**** Data provided
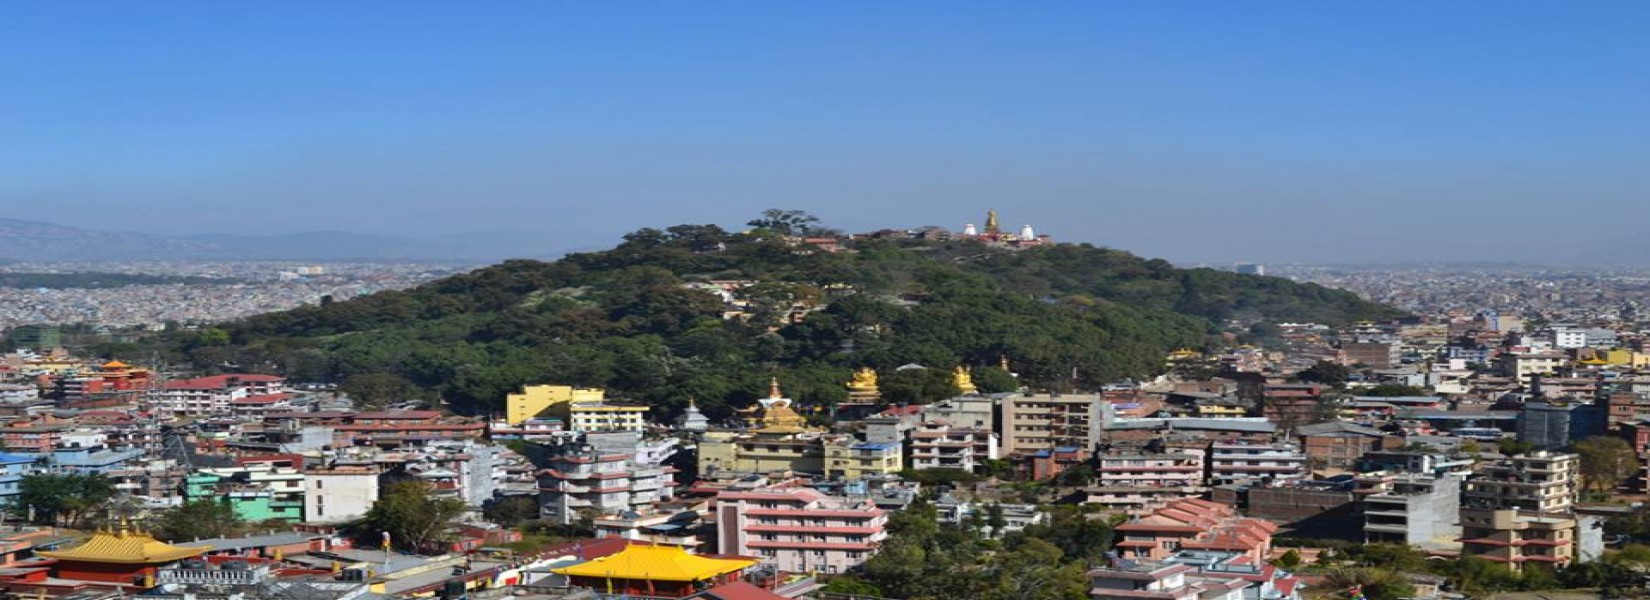 Kathmandu Sightseeing Tour of UNESCO World Heritage Sites
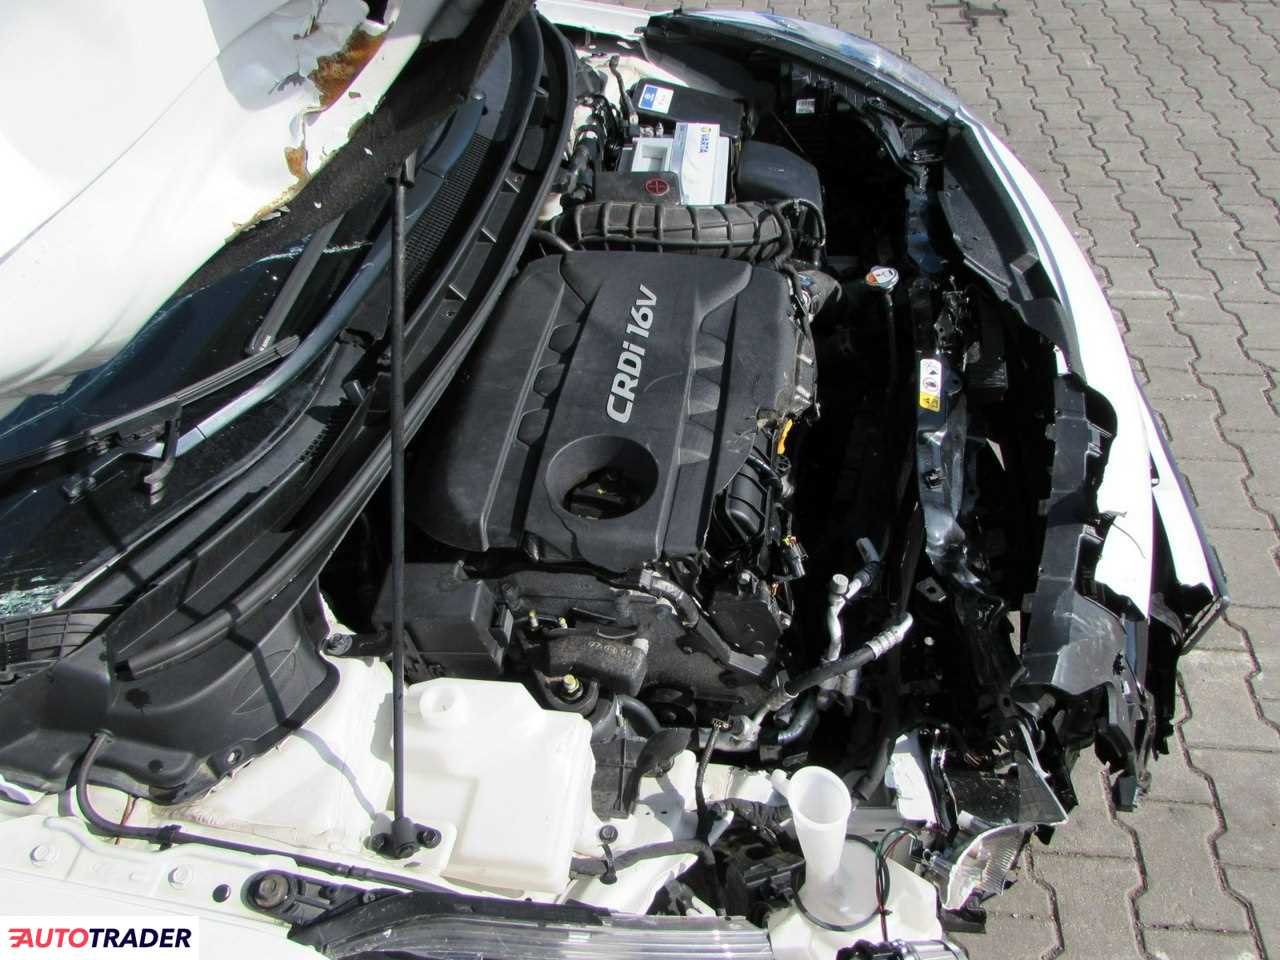 Hyundai i30 1.6 diesel 110 KM 2015r. (Gliwice) Autotrader.pl
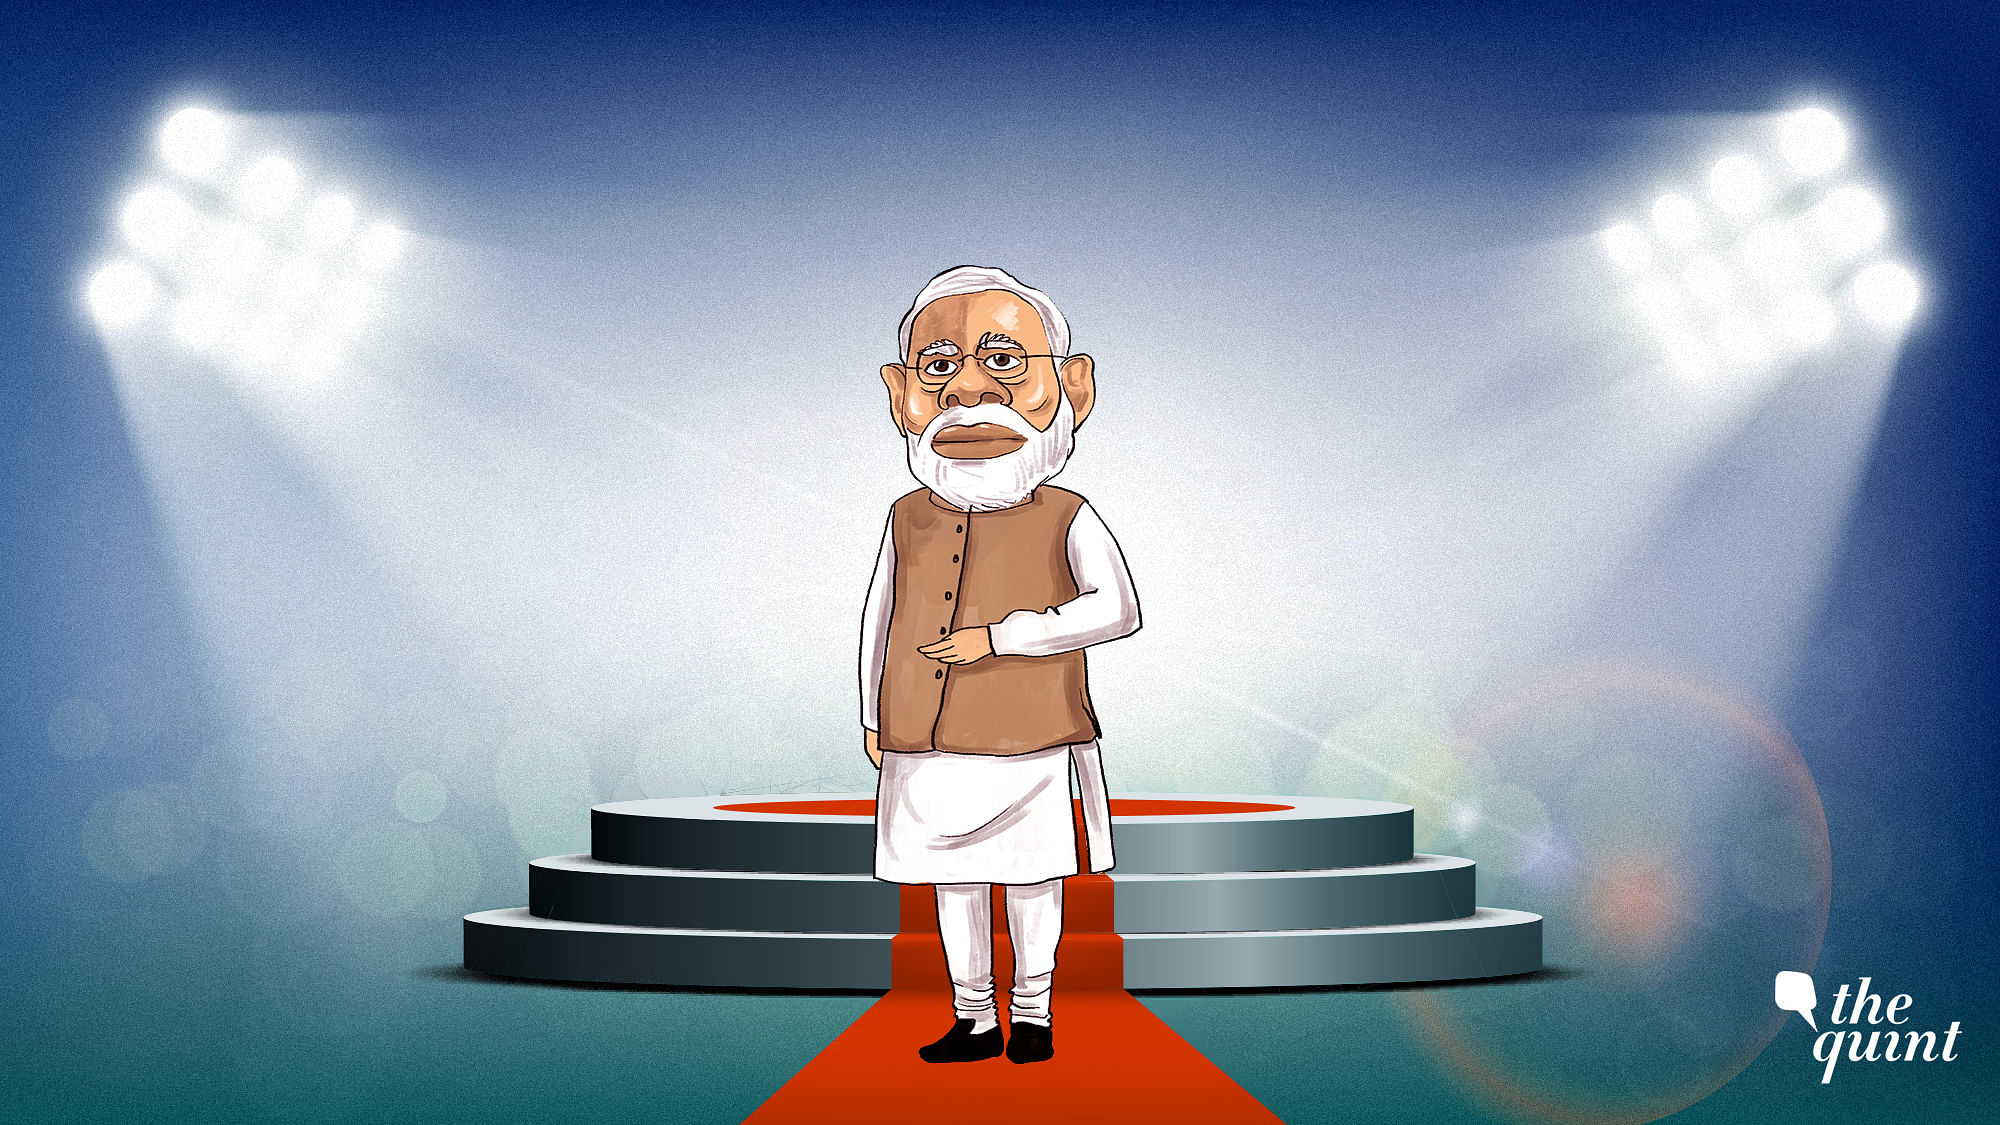 Illustration of PM Modi used for representational purposes.
********
◆ **What this task involves**
Word for word, restate all of the data, but do not copy the pictures.

◆ **Exercise response**
 Kathmandu Sightseeing Tour of UNESCO World Heritage Sites
 Hyundai i30 1.6 diesel 110 KM 2015r. (Gliwice) Autotrader.pl
 Illustration of PM Modi used for representational purposes.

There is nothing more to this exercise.